Good luck with your job, dont forget the before and after pics for job satisfaction.

One last thing, start off in a spot which isn't very visible until you get the hang of it.

cheers

Darryn

Mosquito ( catamaran )

Flying Fifteen (daysailor keel boat )

 

Moonduster

Super Anarchist
4,823
230
The Makita has variable, electronically-controlled speed. For polishing applications use a sheep's wool cover on a medium foam pad, and pretty slow speeds or you'll burn your wax/compound.

Good luck!

 

daffy

Super Anarchist
2,052
2
NW
anybody use the harbor freight sander/polisher? I know it's a pos but 30bucs for only a few uses ain't bad.

 

BalticBandit

Super Anarchist
11,114
2
OK, while I have your attention, one more question to put my mind at ease about the $200 power tool I swore yesterday I wouldn't buy, but now have my finger poised above the 'buy' button.

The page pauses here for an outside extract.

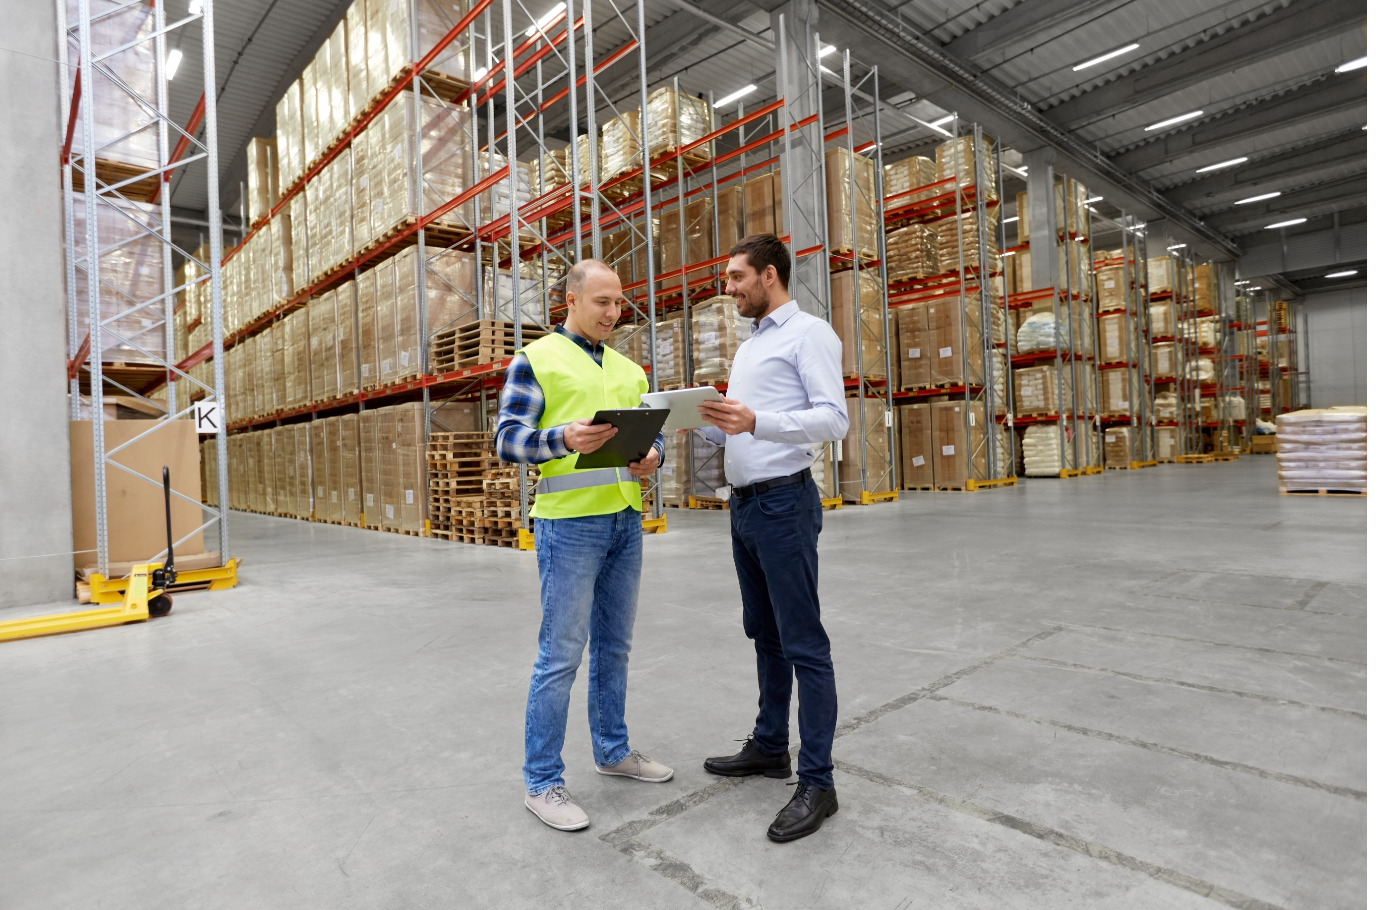 Inventory Audit Testing in Covid Times

Not that I'm seriously considering it, because I know I won't be able to control the speed well over the several days I expect to need, but could I in theory use a good drill, capable of the 3000 RPM of the Makita (my Hitachi can go that fast)? It seems that the issue is overspeeding and cutting grooves in your work.
Don't buy that tool... RENT IT. most areas have tool rental for construction folks. Orbital buffers and grinders can be rented cheap.

 
388
0
CT
anybody use the harbor freight sander/polisher? I know it's a pos but 30bucs for only a few uses ain't bad.

Bought a bunch of harbor freight tools, one for every job I might need to do on the boat. So far, they have worked great, but I haven't done tons of work.